The product line offers a range of True North products accompanied by a Martha Stewart signature butter flavor or spice blend. Packaging will also include a recipe created by Stewart’s “test kitchen” team, the company said. These include Atlantic salmon with lemon herb butter; sockeye salmon with miso butter; pollock with a southwest spice blend, and a seafood medley – using pollock, salmon, and bay scallops -- with a herb spice blend. The products are in skin-packaging and sold refrigerated, a Cooke spokesman told Undercurrent.

“Knowing where my seafood comes from is very important to me, and I’ve enjoyed and served True North Seafood to family and friends for years,” said Stewart, in a statement.

“After visiting True North’s salmon farms near my Skylands home in Maine, I saw first-hand their innovative and industry leading methods of sustainable farming and fishing. Their passion for the environment and community is why they are one of North America’s largest and most trusted producers of fresh farmed and wild-caught seafood from the Gulf of Alaska to the Atlantic,” she said.

“We are thrilled to be launching this new product line in partnership with the Martha Stewart team,” said Glenn Cooke, CEO of Cooke. “It is great for us to be able to work with Martha’s team to bring delicious, well-thought-out meals to all tables, even those who have busy schedules and minimal prep time.”

“This line is all about convenience and quality product,” said Andrew Young, vice president of global sales and marketing with True North. “It is a perfect option for existing seafood customers while encouraging new customers who may not be as comfortable buying or preparing seafood to shop the category.”

The downstream deal with Stewart comes after Cooke completed a major upstream move earlier in February with the closure of its long-awaited acquisition of Seajoy Group, a fully integrated Latin American shrimp producer.

The prospect of the deal was first reported by Undercurrent News last June, but took more than half a year to reach the finish line.

By buying Seajoy from Peder Jacobson, who founded the company in Ecuador’s Gulf of Guayaquil, in 1979, Cooke is gaining Pacific white shrimp (Litopenaeus vannamei) farms spread across Honduras and Nicaragua with almost 3,500 hectares (8,650 acres) as well as a 6,000 square meter processing plant in Choluteca, Honduras, capable of producing 100,000 pounds of finished product daily.

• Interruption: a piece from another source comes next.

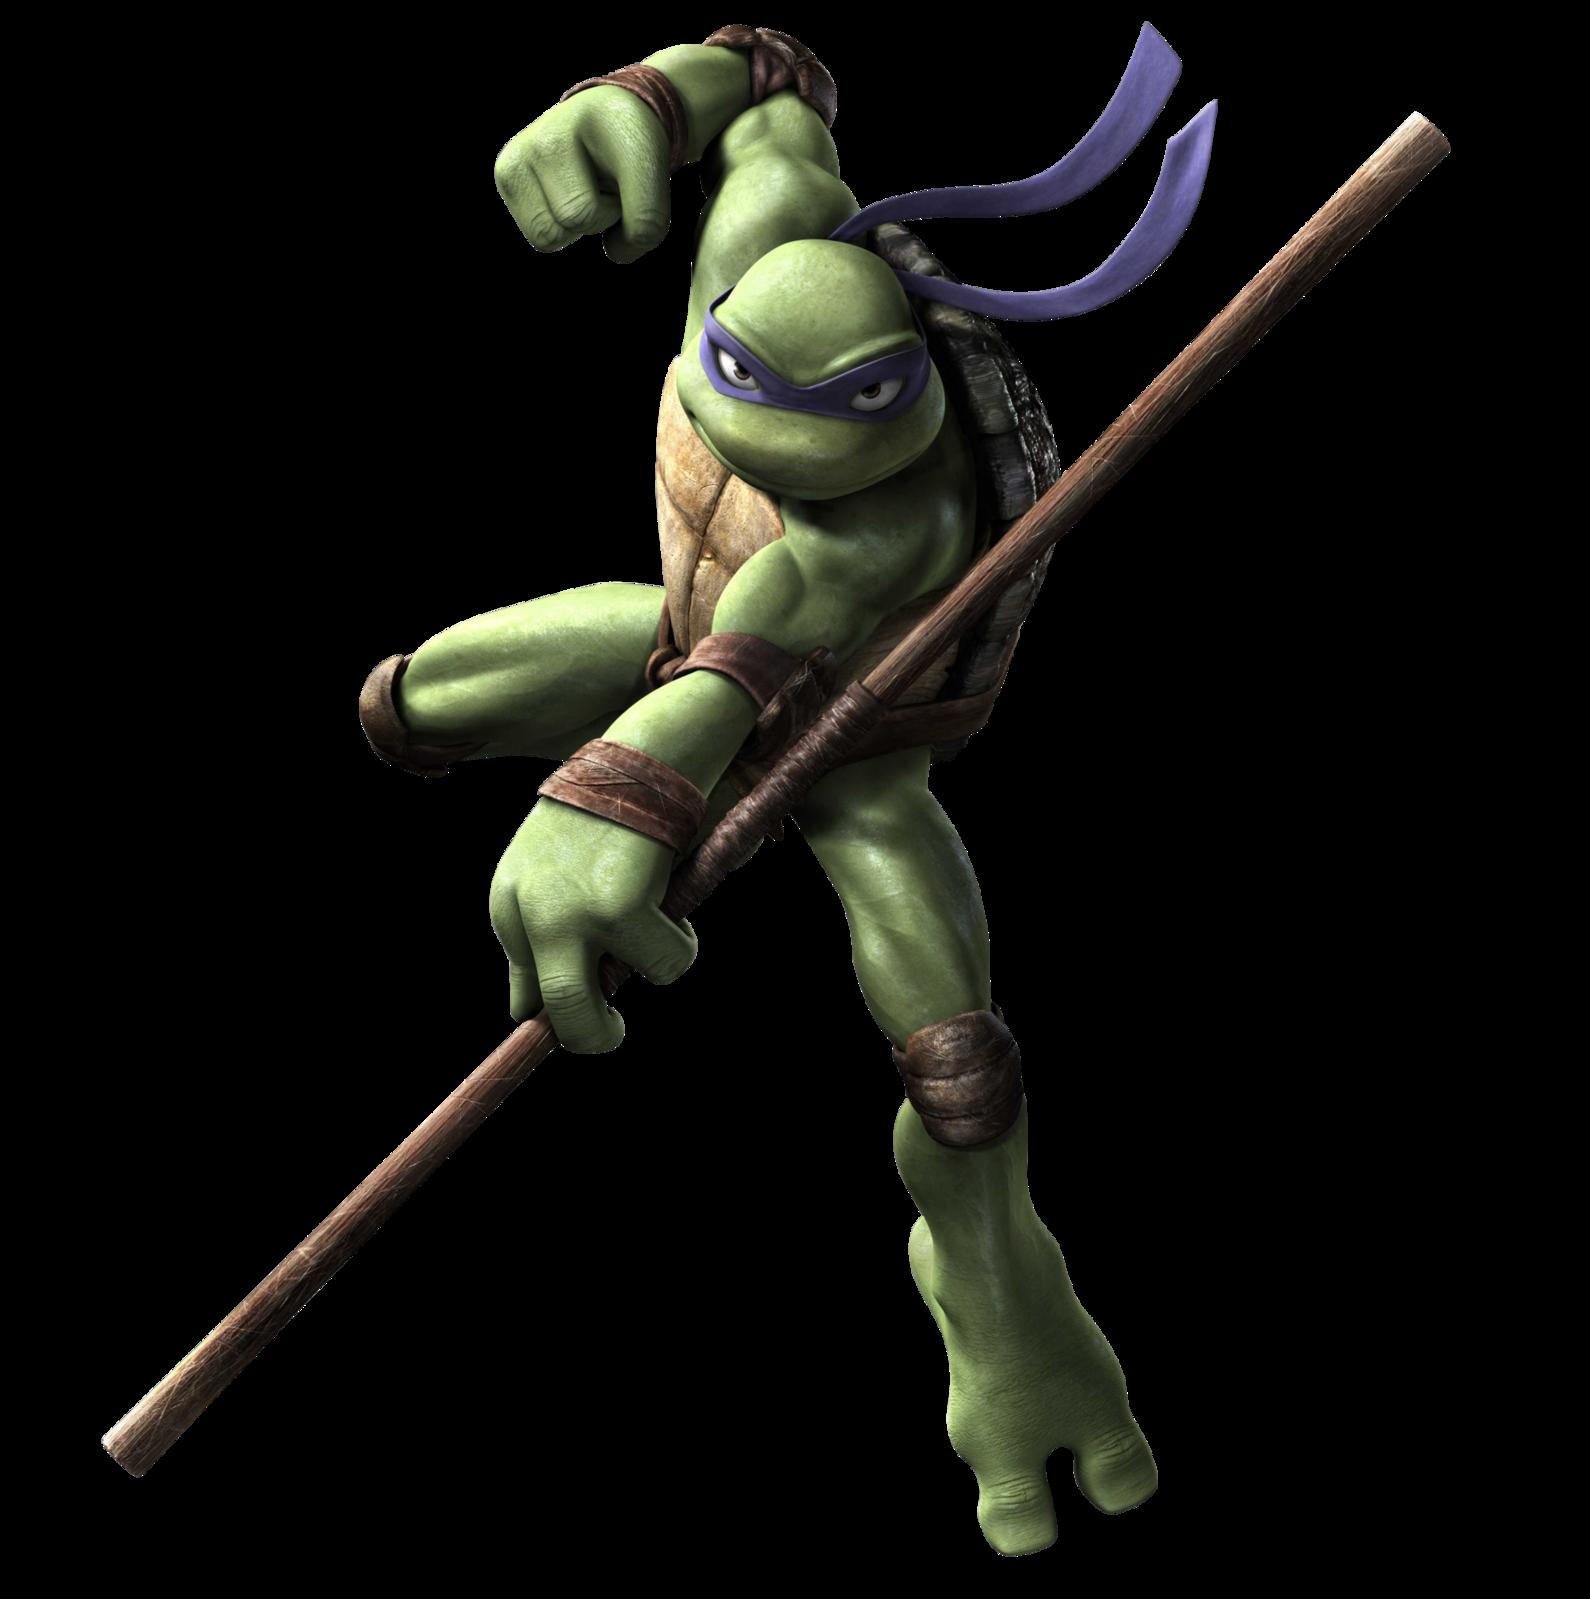 Tmnt Donatello Vs Donatello

About 60% of Seajoy’s production is value-added, including peeled and deveined meats, butterfly cuts, skewers, raw breaded, and cooked shrimp. Also, the factory maintains coldstorage capable of holding up to 1 million lbs of finished product.

Cooke's CEO confirmed early in December at a meeting with Canadian press and a member of parliament in the province of New Brunswick, near his company’s headquarters, that his deal for one of Latin America’s largest shrimp farming companies was imminent. His comments followed months earlier reports by Undercurrent about the impending deal, though he continued to avoid naming the company.

"We want to build an Atlantic Canada-based powerhouse that can compete with the largest global, publicly-traded seafood companies out there," he reportedly said at the time.

Cooke already is quite formidable, ranking 16th on Undercurrent’s 2017 list of the “World’s 100 Largest Seafood Companies”. It produces around 1 billion pounds, or 454,000 metric tons, of farmed and wild seafood per year, Cooke told the Telegraph-Journal in December.

The Cooke group directly controls more than 17 farmed and wild species spanning the globe. The company which operates as Cooke Aquaculture in salmon, seabass and seabream farming and Cooke Seafood USA in wild catch, where it owns Icicle Seafoods and Wanchese Fish Company. Cooke has also got into wild-catch in Latin America, buying Uruguay-based Fripur in 2016.

Cooke suggested in December that Seajoy would be placed inside the company’s Chilean aquaculture division, which operates salmon farms and a processing plant.